### STORED DATA
++++++++++++++++++++

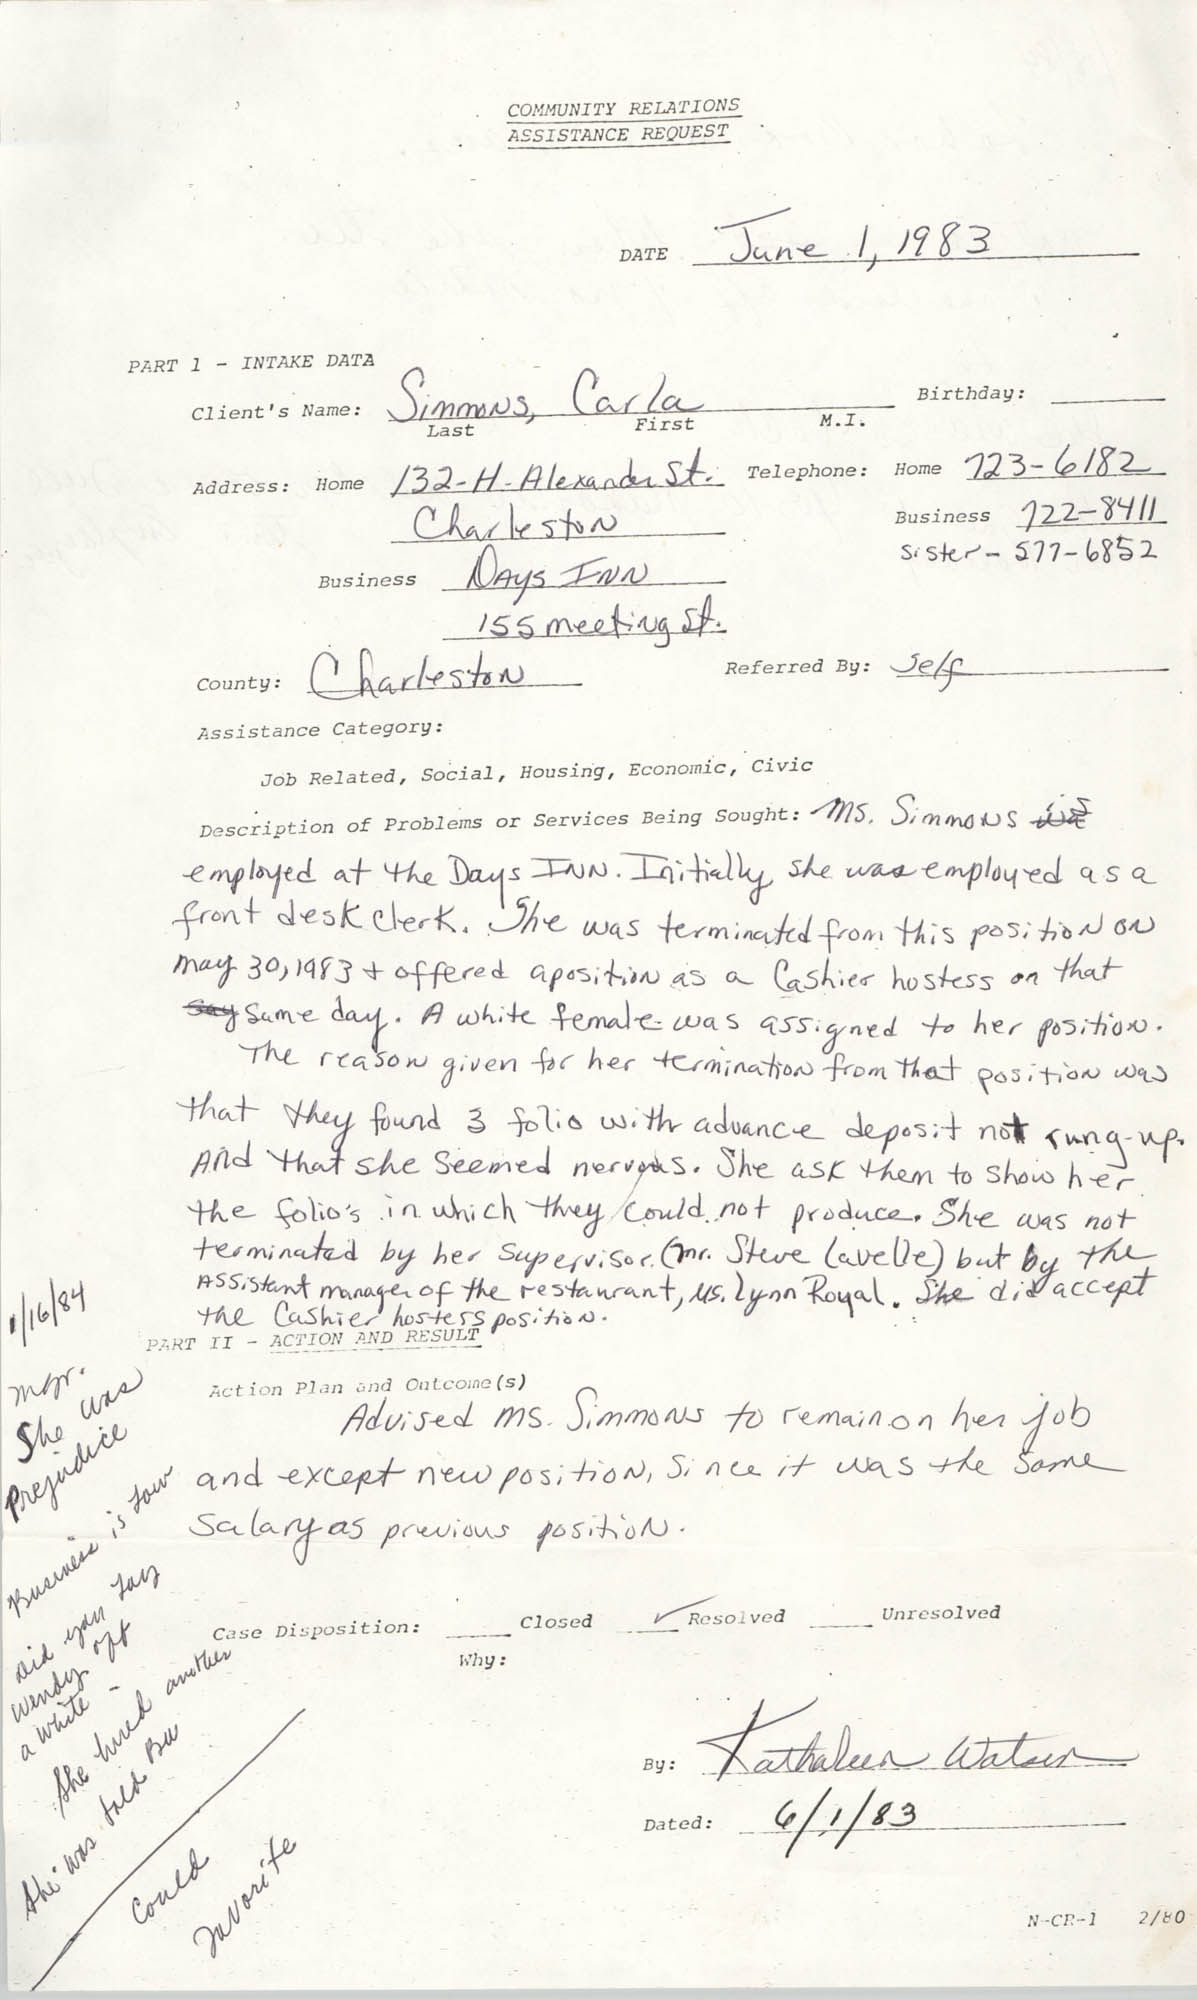 Community Relations Assistance Request, June 1, 1983
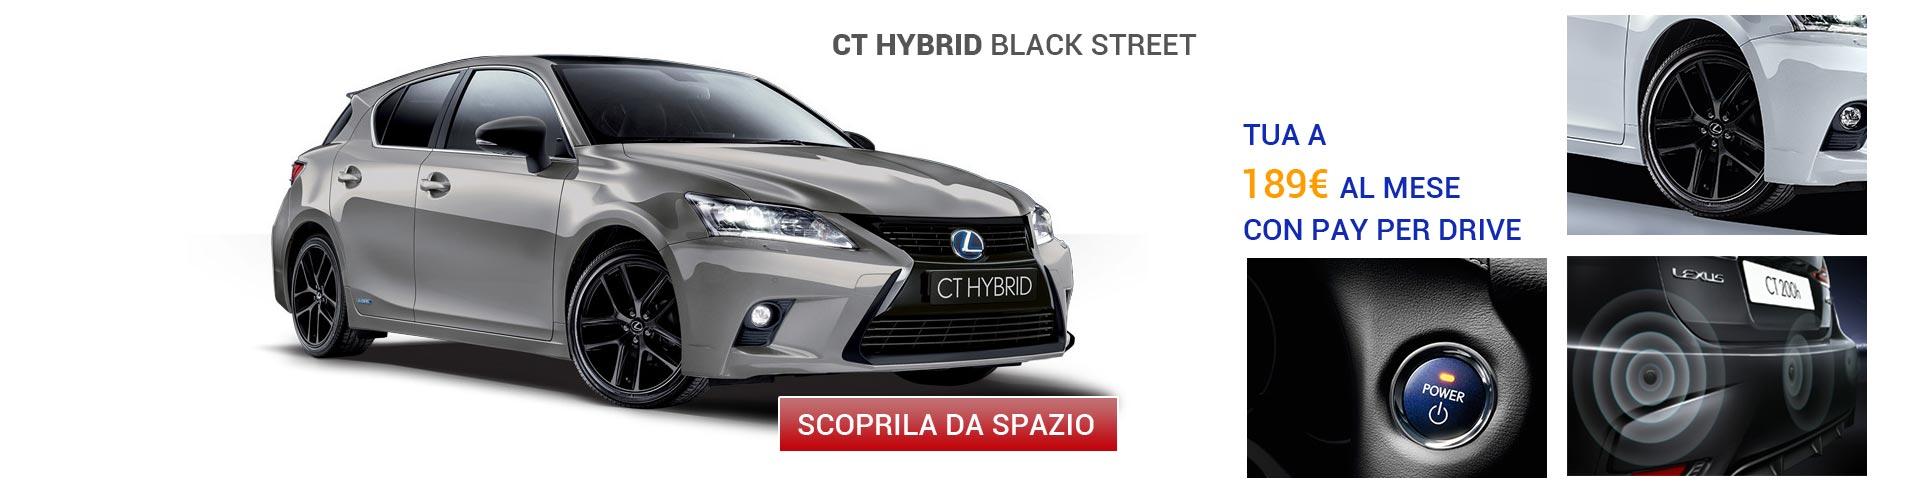 Lexus CT Hybrid Black Street
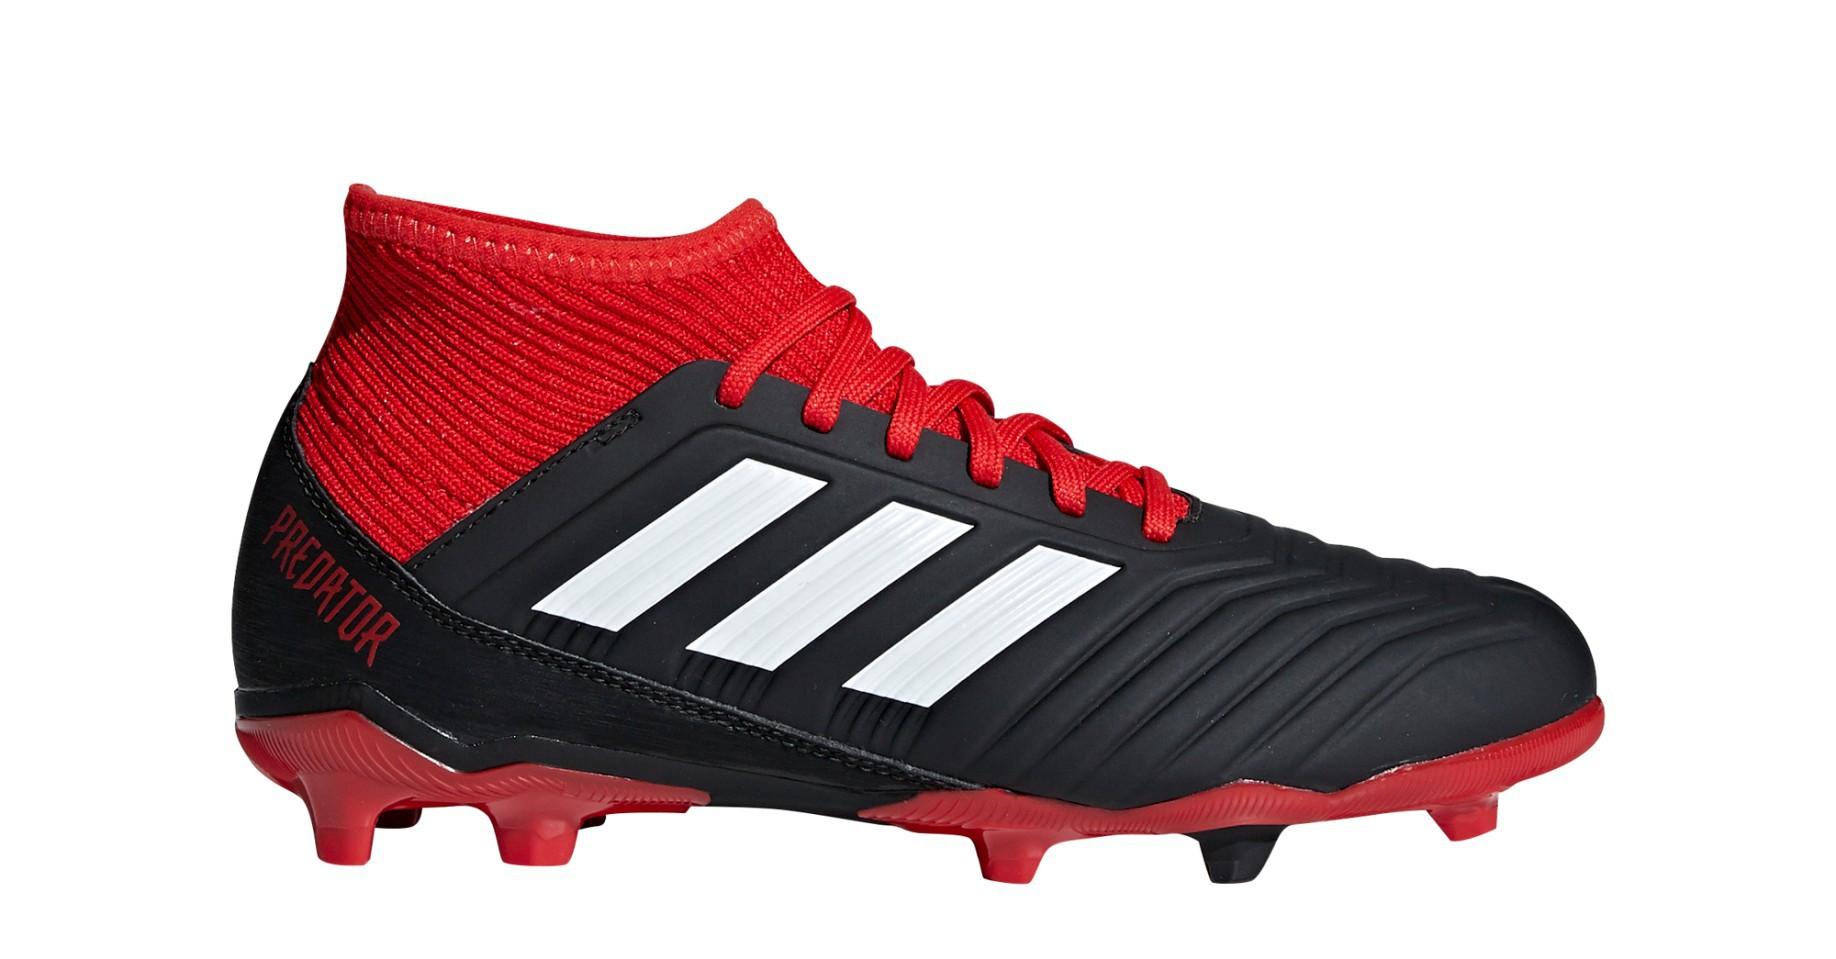 Football boots Adidas Predator 18.3 FG Team Mode Pack

++++++++++++++++++++

### PROMPT
Copy each line of the material above exactly, but not the images.

### WRITTEN SOLUTION
 Community Relations Assistance Request, June 1, 1983
 Lexus CT Hybrid Black Street
 Football boots Adidas Predator 18.3 FG Team Mode Pack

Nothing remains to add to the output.